Containerd From The Bottom Up

Chapter 13: CRI And Kubernetes

Kubelet does not talk to runc. It talks to the Container Runtime Interface, and in containerd, CRI is an in-daemon plugin that translates Kubernetes runtime and image RPCs into containerd service calls.

Kubernetes has pods, pod sandboxes, runtime handlers, image pulls, container creates, exec, attach, port-forward, status, stats, and logs. containerd has namespaces, image metadata, content, snapshotters, containers, tasks, shims, leases, events, and runtime options.

flowchart TB kubelet[kubelet] -->|CRI gRPC| cri[containerd CRI plugin] cri --> images[Image service] cri --> sandbox[Sandbox service] cri --> containers[Container service] cri --> tasks[Task service] cri --> cni[CNI plugins] tasks --> shim[Runtime v2 shim]

Registration

The CRI plugin registers itself as a containerd gRPC plugin and pulls in a long dependency list — runtime, image, sandbox, NRI, event, service, lease, transfer, sandbox-store, and warning plugins. During init it builds an in-memory containerd client pinned to the k8s.io namespace, constructs the CRI service, and registers Kubernetes runtime and image servers on containerd's existing gRPC server.

The registration call in plugins/cri/cri.go is two lines:

runtime.RegisterRuntimeServiceServer(s, instrumented)
runtime.RegisterImageServiceServer(s, instrumented)

Everything kubelet ever sees of containerd flows through those two servers.

The k8s.io namespace is the second half of the boundary. Kubernetes-managed images, containers, sandboxes, leases, and snapshots all live in that one metadata partition. It does not isolate Linux processes — it keeps containerd records from colliding with whatever a developer creates by hand through ctr in the default namespace.

CRI Service State

CRI keeps a Kubernetes-shaped index over containerd state — sandbox stores, container name indexes, CNI state, stats — so kubelet can answer its own questions without round-tripping through containerd. containerd remains the source of truth for images, snapshots, and tasks; CRI keeps Kubernetes bookkeeping next to it.
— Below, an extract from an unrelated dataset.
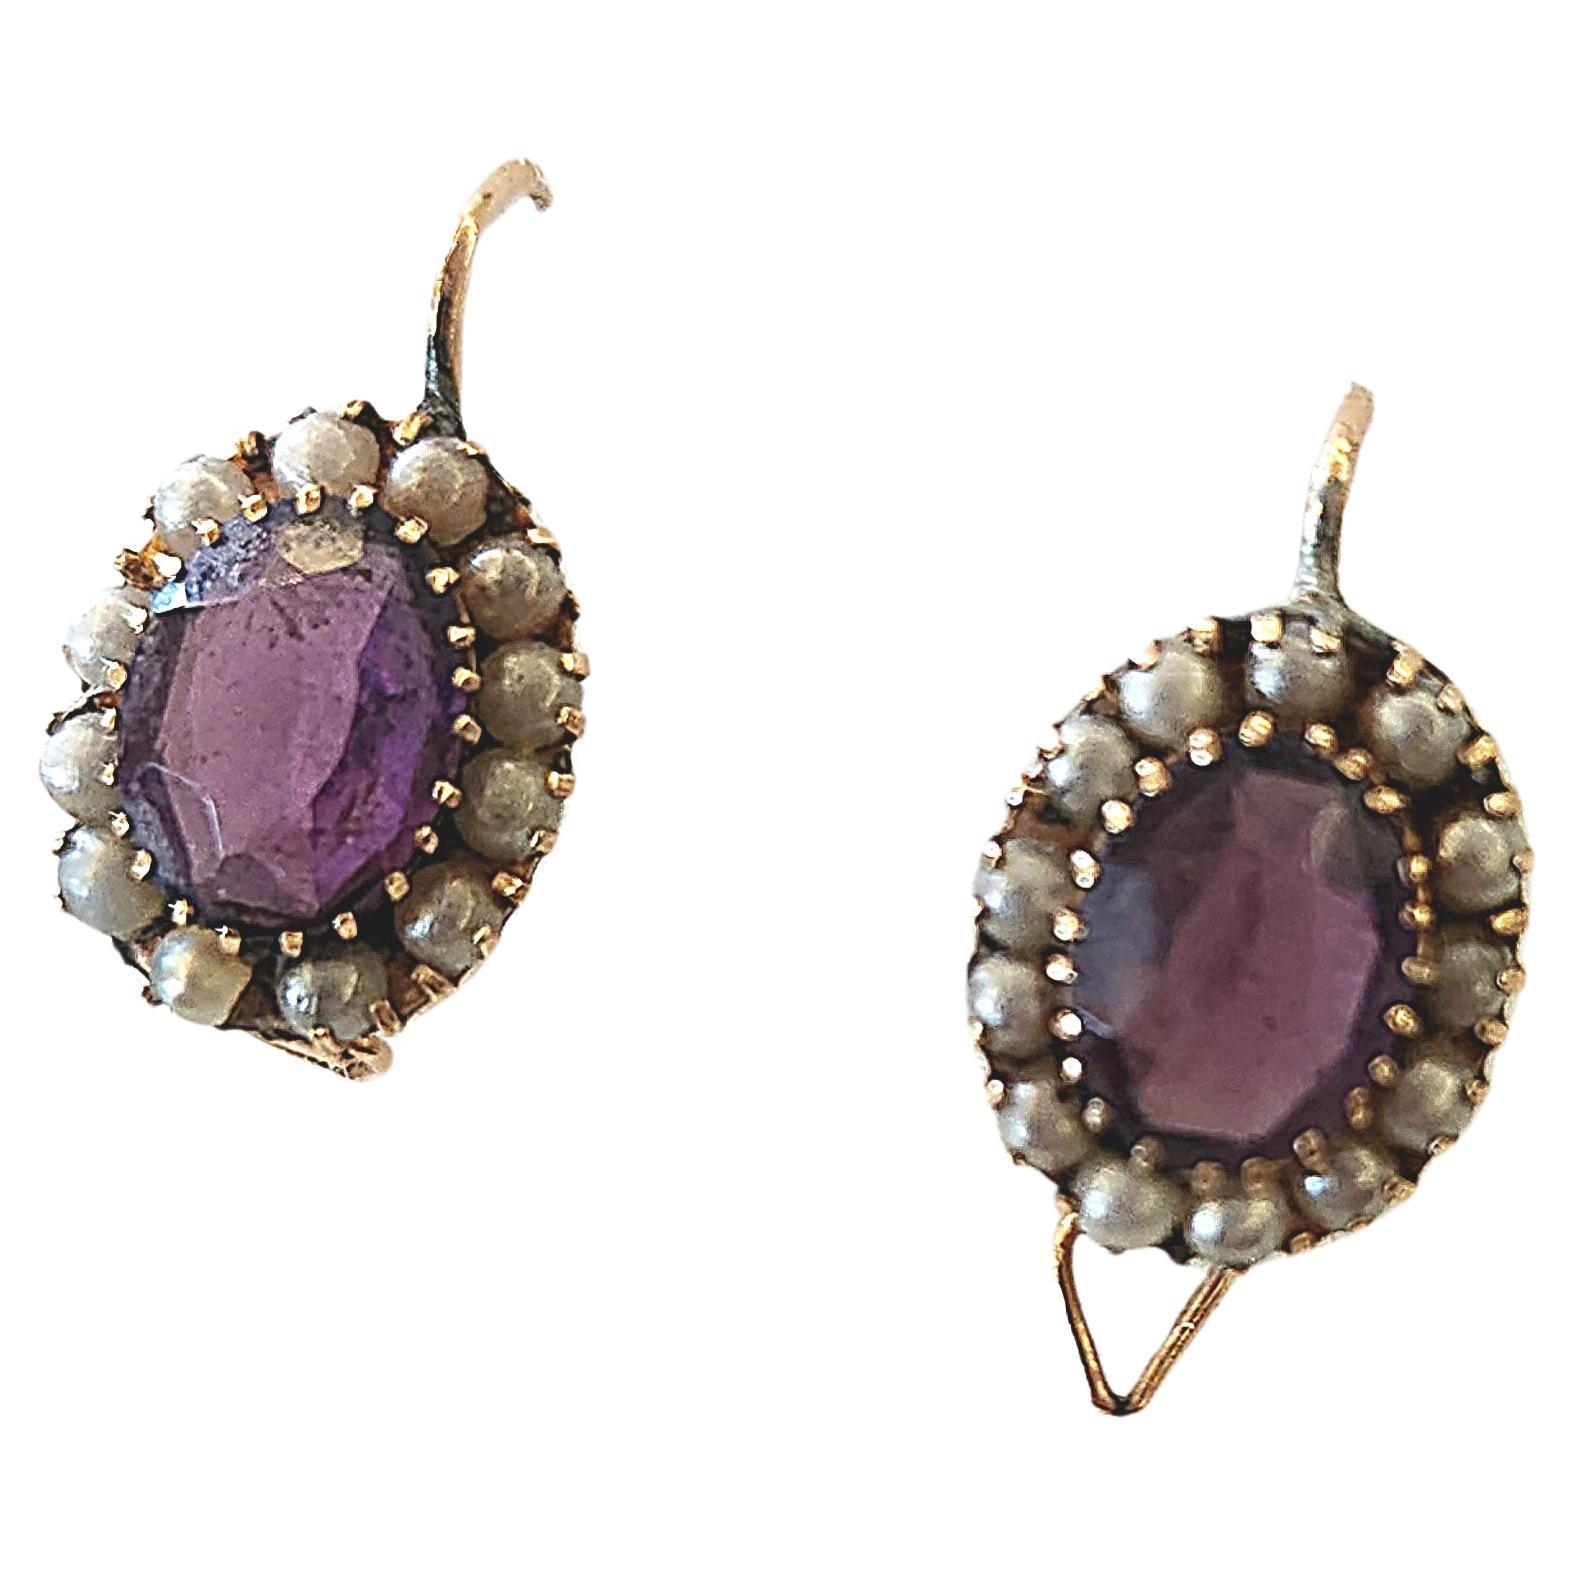 Antique imperial russian era 14k gold earrings centered with 2 oval cyberian amethyst stones flanked with natural white seed pearls earrings are hall marked with imperial russian gold standard and initial maker mark in cyrtlic alphabet

That is why CRI source can look larger than expected: it is preserving Kubernetes semantics on top of containerd objects that have their own.

The CRI API Shape

Kubernetes splits CRI into a runtime service and an image service. The runtime service covers pod sandbox operations, container operations, exec, attach, port-forward, status, stats, checkpointing, and runtime config. The image service covers image listing, status, pulls, removals, and filesystem usage.

The shape is visible in kubelet's own behavior. An image pull is a CRI image-service call. A workload container create is a runtime-service call. Starting that container is another runtime-service call. Inside containerd, those three calls land on the same image, snapshot, container, task, and shim machinery from chapters 11 and 12.

The same split is why CreateContainer does not start the workload. CRI inherits the OCI and containerd convention of keeping create and start as separate lifecycle steps; the API never had a "run" verb to begin with.

Pod Sandboxes

The first runtime object Kubernetes asks for is a pod sandbox. The pause container is the most visible piece; the sandbox is the metadata, network namespace, CNI result, runtime endpoint, labels, monitor state, and (on the default Linux path) the pause container itself.

RunPodSandbox does the Kubernetes-facing setup. In containerd v2.3.0, the source path runs through thirteen steps:

  1. generate and reserve a sandbox name;
  2. create a lease;
  3. resolve the runtime handler;
  4. store sandbox metadata;
  5. create a network namespace unless host networking is requested;
  6. run CNI setup;
  7. create sandbox metadata through the sandbox service;
  8. ensure the pause image exists;
  9. start the sandbox;
  10. save the sandbox endpoint, labels, and spec;
  11. run NRI hooks;
  12. mark the sandbox ready;
  13. store the sandbox and start an exit monitor.

CNI gets its own chapter in Part V; for now it is enough that CRI runs CNI as part of RunPodSandbox and turns the result into containerd service calls.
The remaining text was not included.